EXPLOSIVE STUPIDITY (23 february 2008)Suppose you take a suit to the drycleaners. Of course, they want you to pay in advance.
A week later you return to collect your suit. "Sorry, but we haven't got it any more," is what you're told. "Well, I still have a receipt, don't I?" you may remark. Not with these drycleaners ... Well, to be strictly honest, it was not a dry-claning shop in this case. But something had been brought in, which was not returned. And I had to pay for that as well ... * * * As self-appointed curator of the het Overtom Chess Computer Museum, I recently bought eight chess computers from a British fellow collector. He packed the computers carefully and took the parcel to the post office. Three weeks later it had not arrived yet. We may safely assume the computers will never be part of the museum. The Dutch post company calls itself TNT (if your Dutch is up to it, you may read this weblog about them). When I sent them an email, a certain mr Ypma referred me to the Royal Mail -- although the tracking system of the Royal Mail clearly indicated that it was TNT who had lost the parcel. When I replied to mr Ypma that it was in fact TNT who had lost the parcel, my message was bounced. What a wonderful service delivered by a bunch of morons who once were a proud Dutch company, but which is now an organization that makes one ashamed to be Dutch! And for getting rid of eight chess computers I have to pay 50 Euros! An ironical detail is that this amount includes VAT ( Value Added Tax). In other words: even losing computers adds to their value ...

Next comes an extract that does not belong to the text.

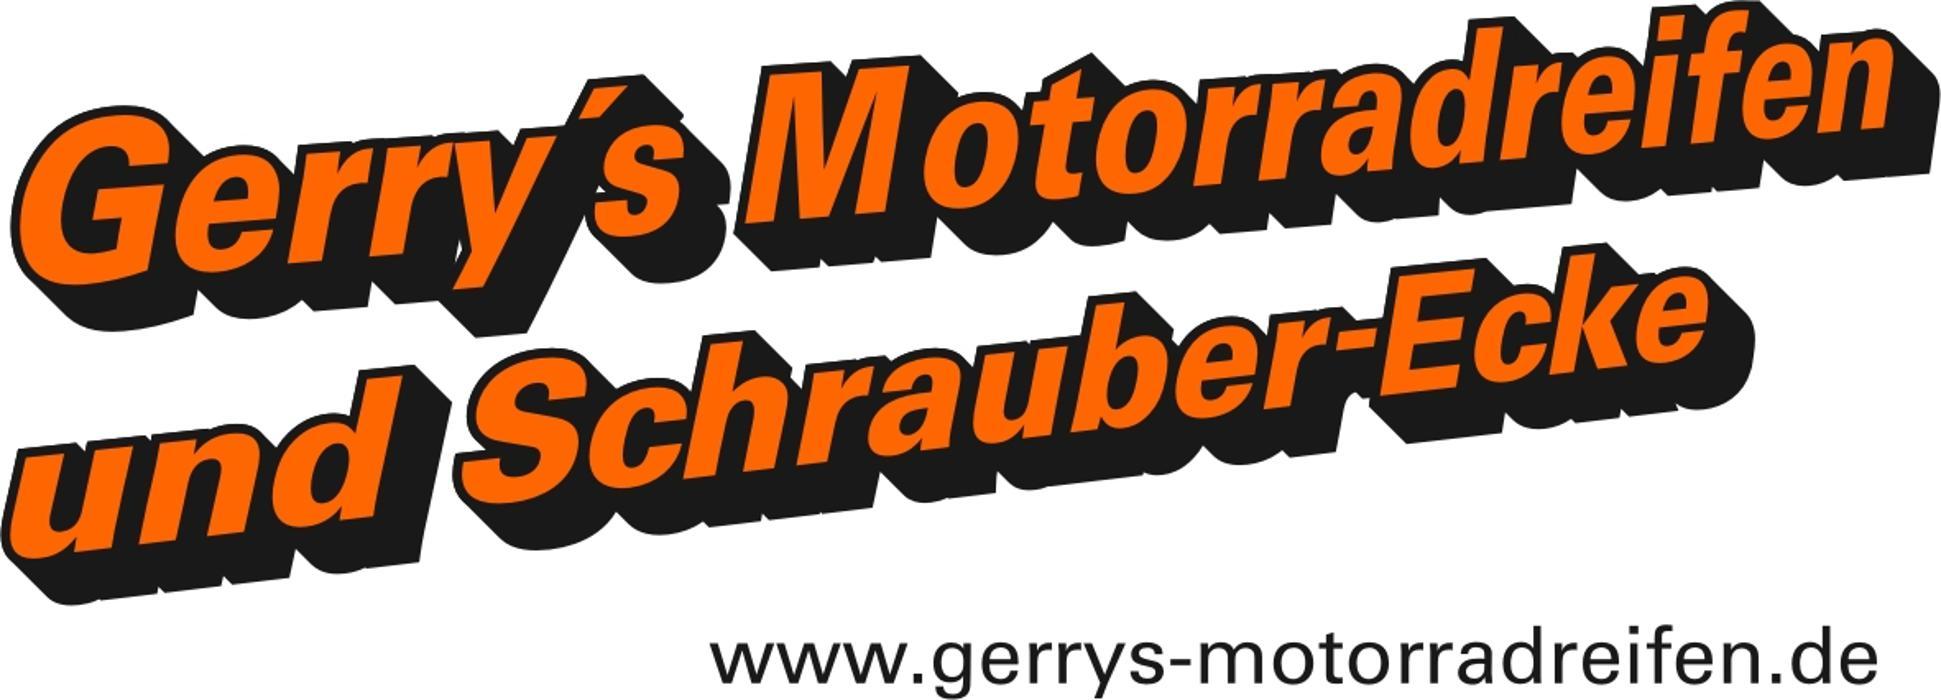 Bild zu Gerrys Motorradreifen und Schrauber-Ecke in Mainz

Honesty compels me to add the following: After more than three weeks, the parcel was returned to sender. It appeared that it was not TNT, to whom Royal Mail had passed the parcel on, but a bunch of idiots who call themselves GLS (Goofy, Late and Slow?). As you can see below, they had done their best to paste all sorts of stickers on it. The address on the parcel was 100% OK, but GLS claimed a parcel could only be delivered if it was provided with the telephone number of the addressee. For only then would they be able to call the addressee before delivery. Apart from the fact this is a blatant lie (I have received several parcels from GLS without any telephone numbers and have never been called by them), I would think it is not such a huge effort to consult a telephone directory if you really want to know. Long ago, all the mail in the Netherlands was delivered by an organization called PTT. The champions of liberalization and privatization made us believe that everything would become better if market mechanisms were allowed to do their work. The sad results cannot only be beheld here, but also in the chaos in the Amsterdam taxi world and in many other fields where decent regulation was thought to be mere luxury.